--- START ---

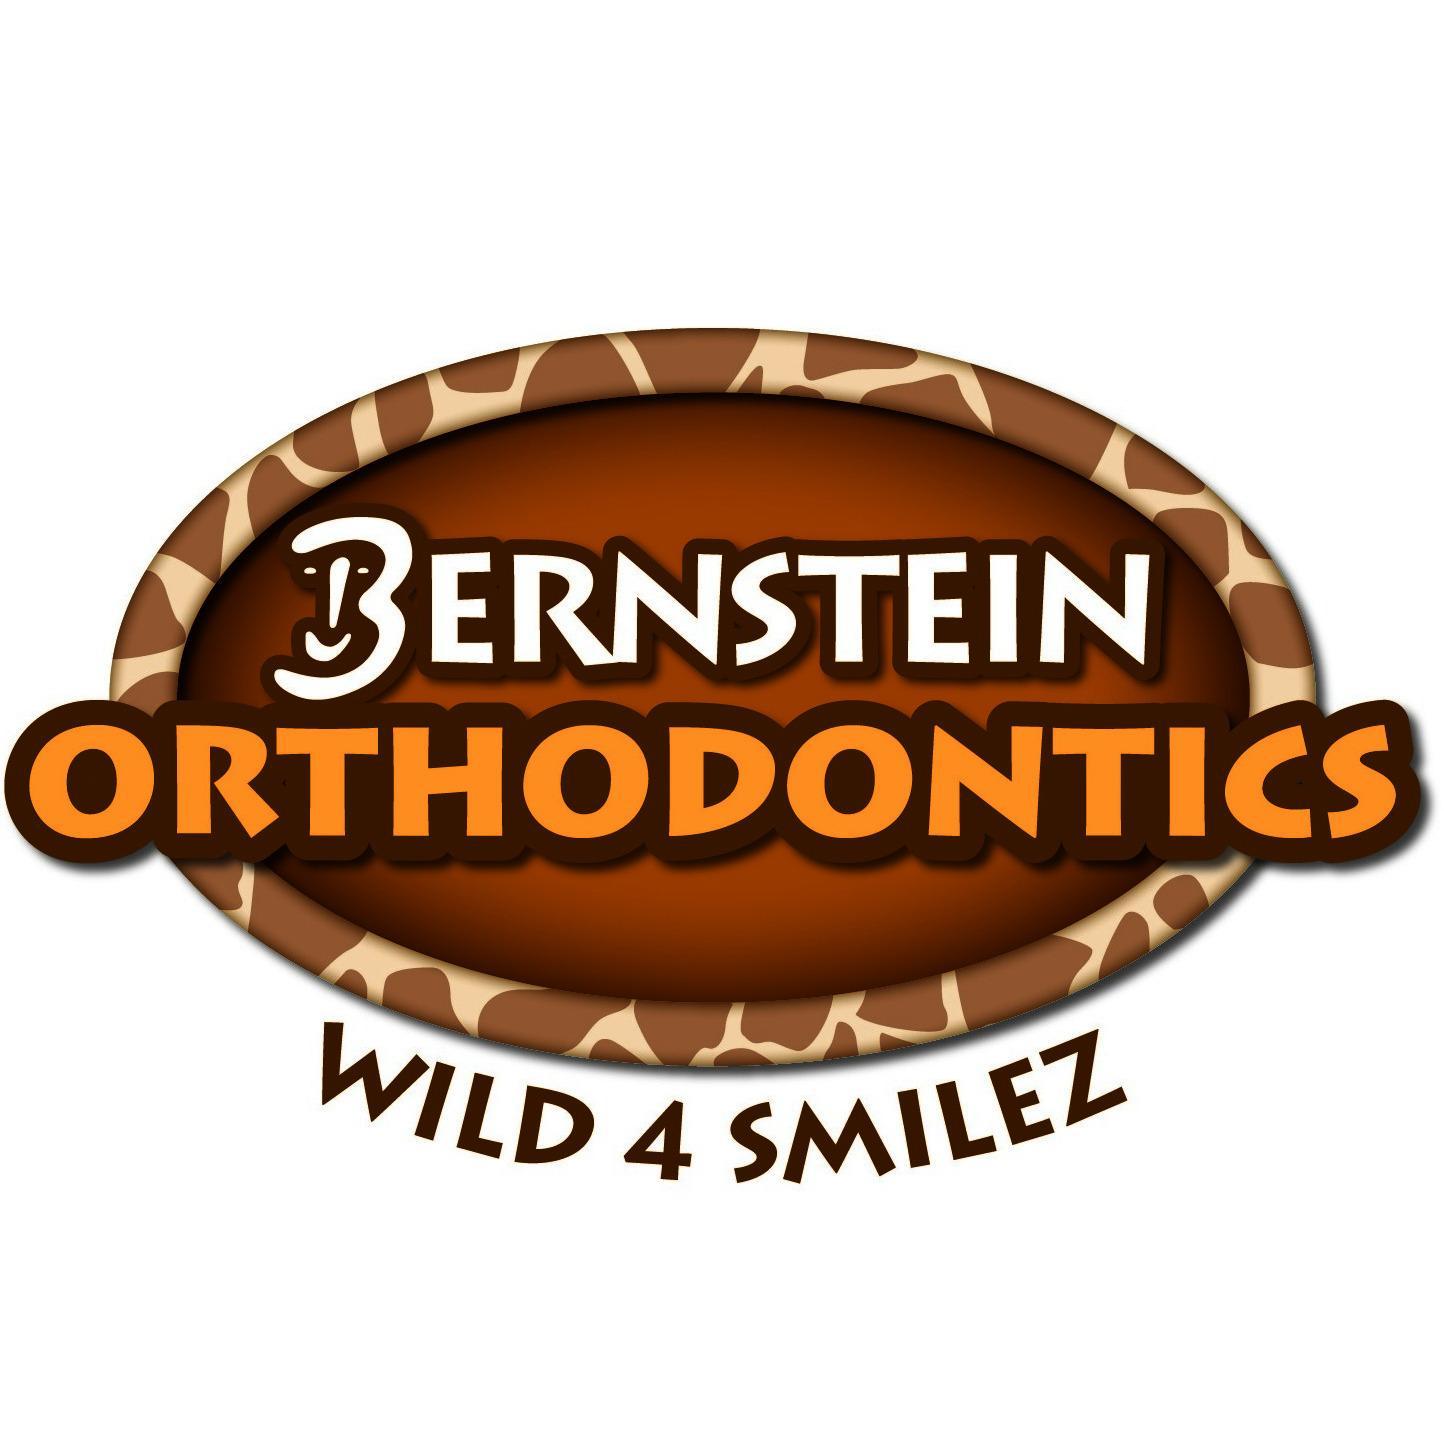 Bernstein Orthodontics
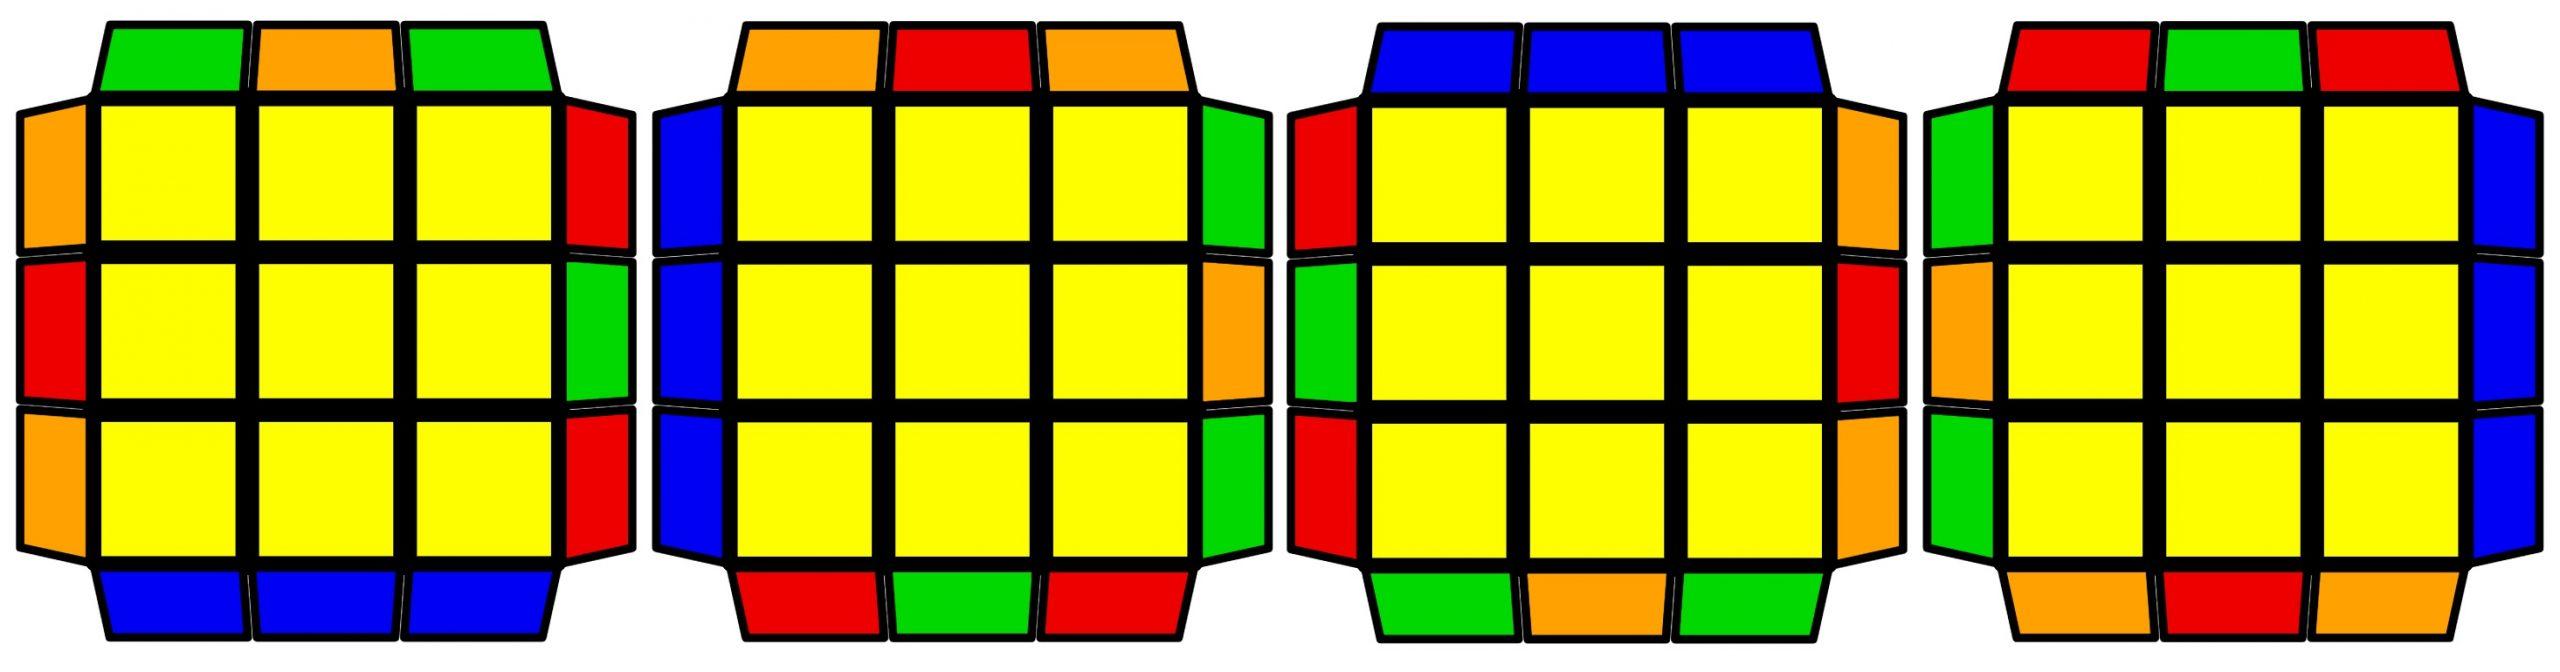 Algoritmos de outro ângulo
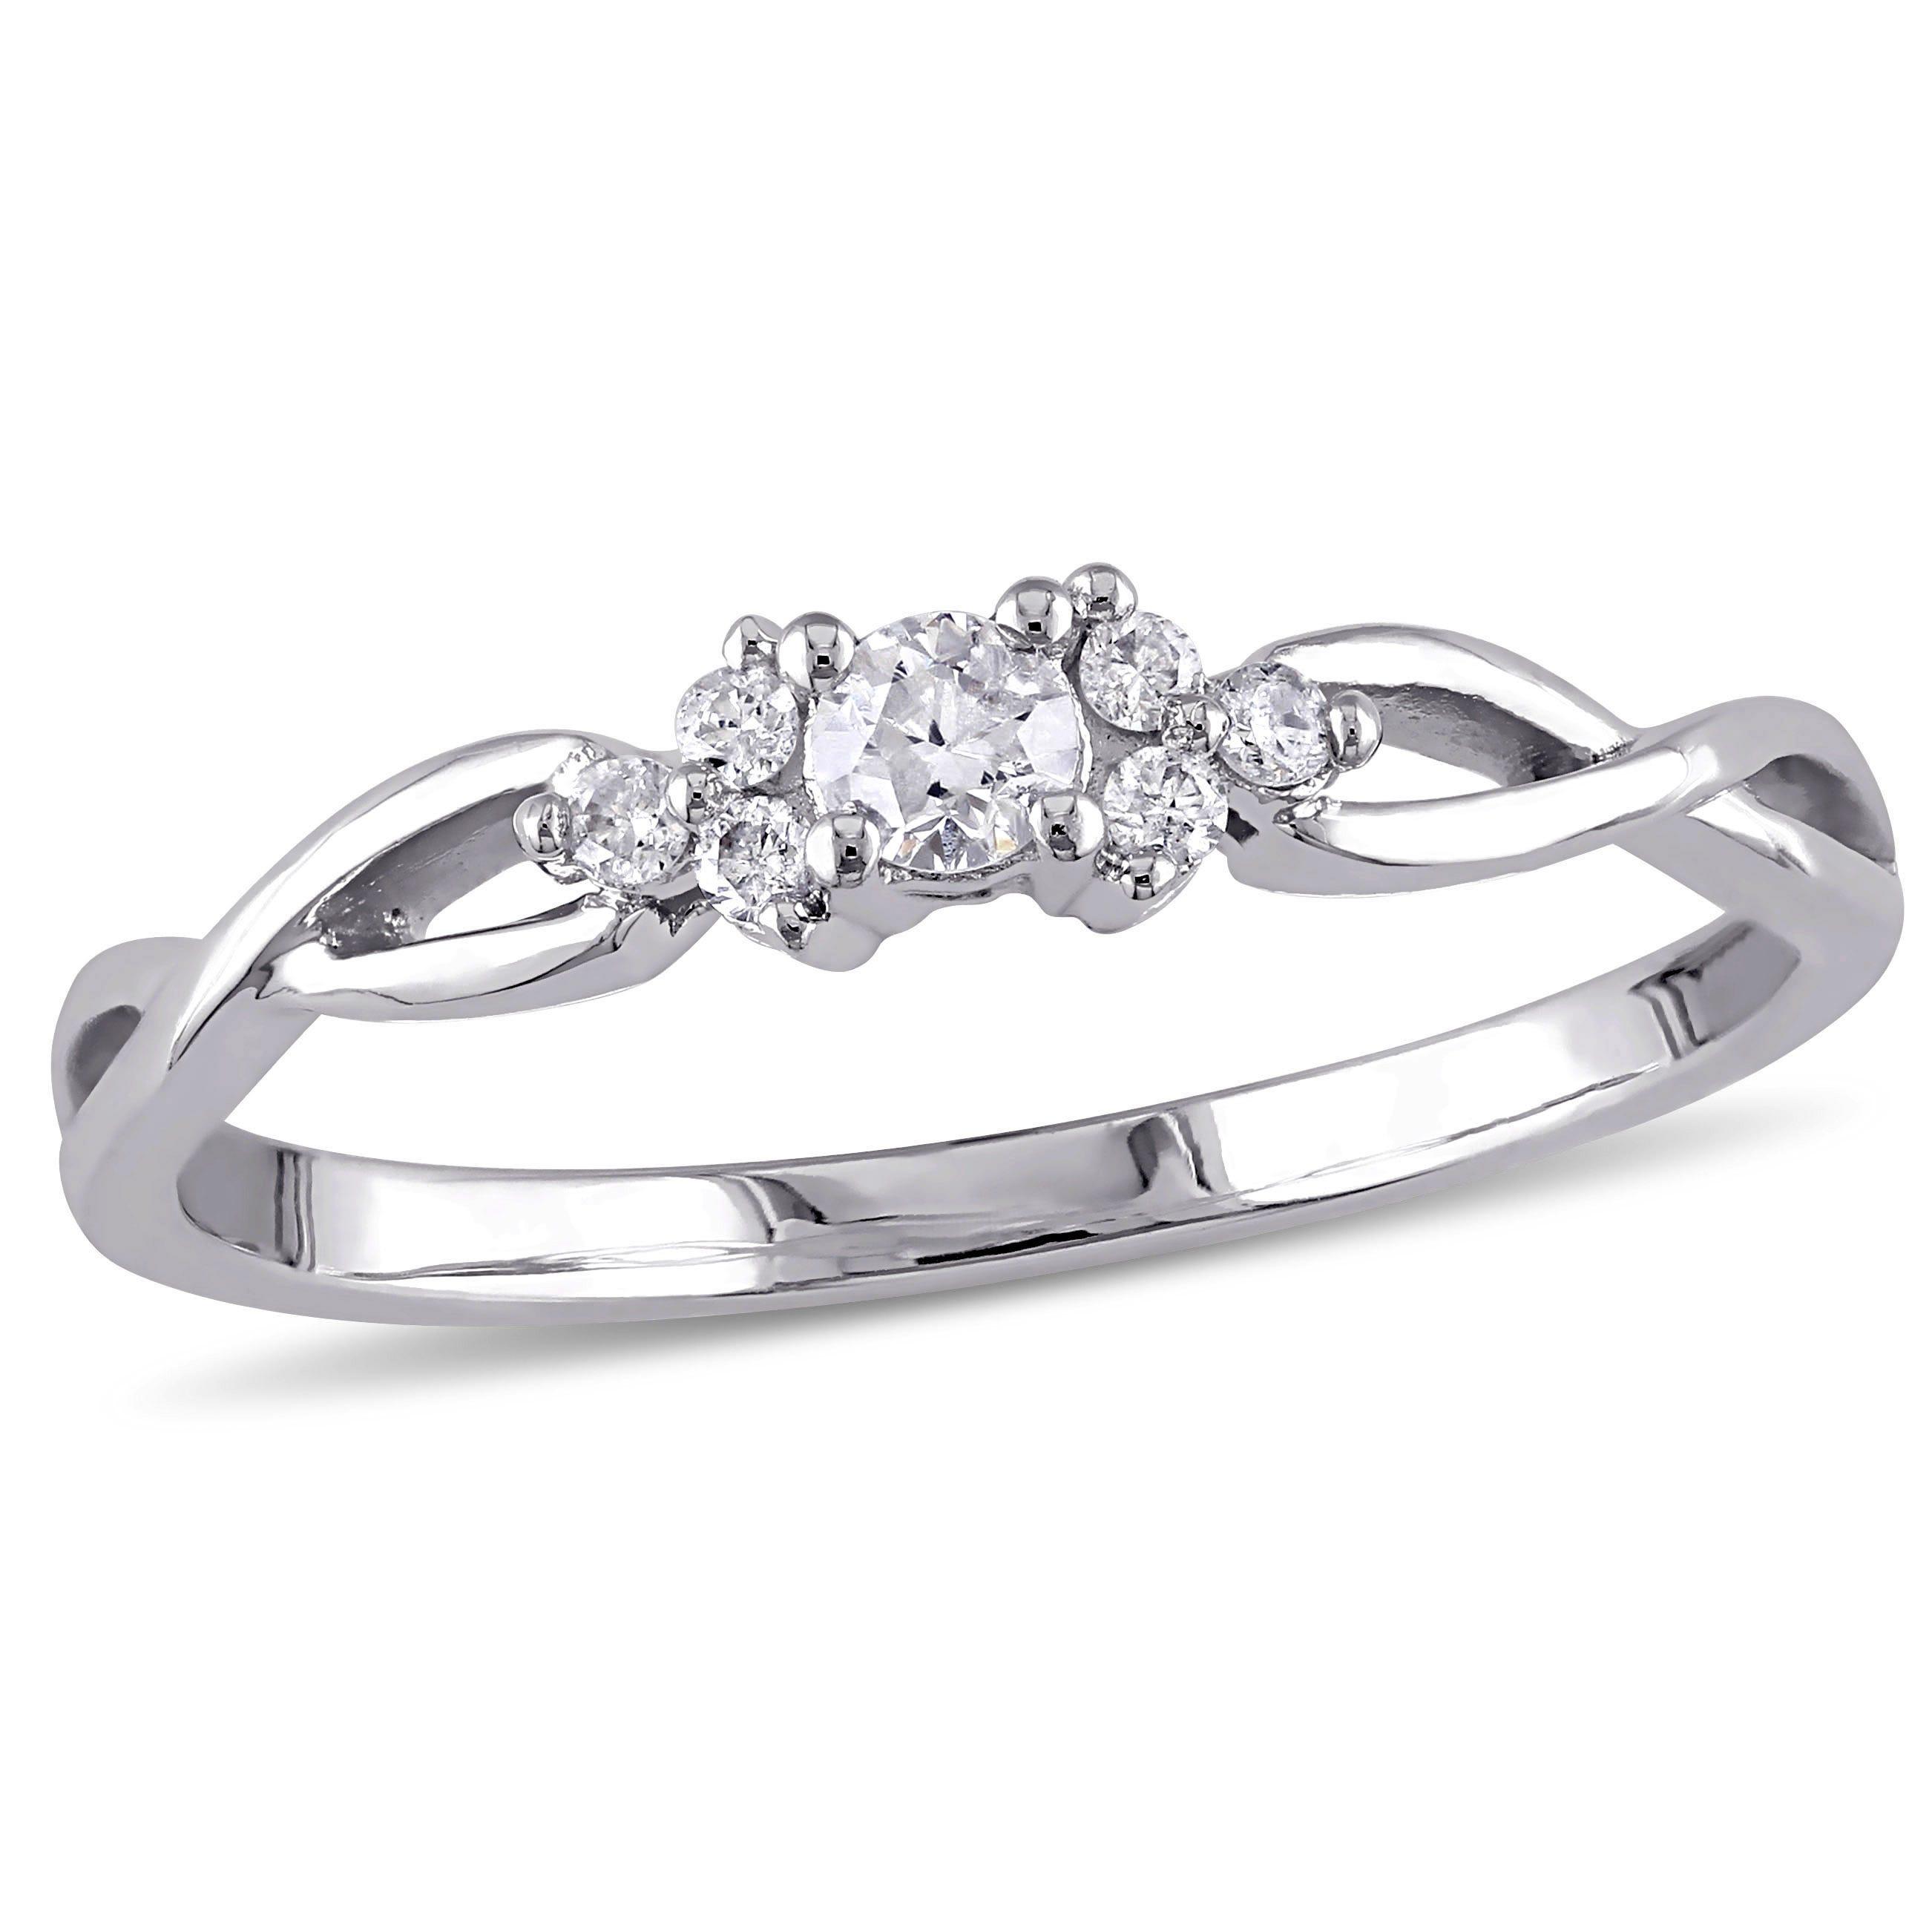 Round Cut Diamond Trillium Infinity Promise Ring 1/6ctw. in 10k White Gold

--- END ---

* _REQUIREMENT_: Print the data exactly as written, dropping any images it holds.

* _REPLY_:
 Bernstein Orthodontics
 Algoritmos de outro ângulo
 Round Cut Diamond Trillium Infinity Promise Ring 1/6ctw. in 10k White Gold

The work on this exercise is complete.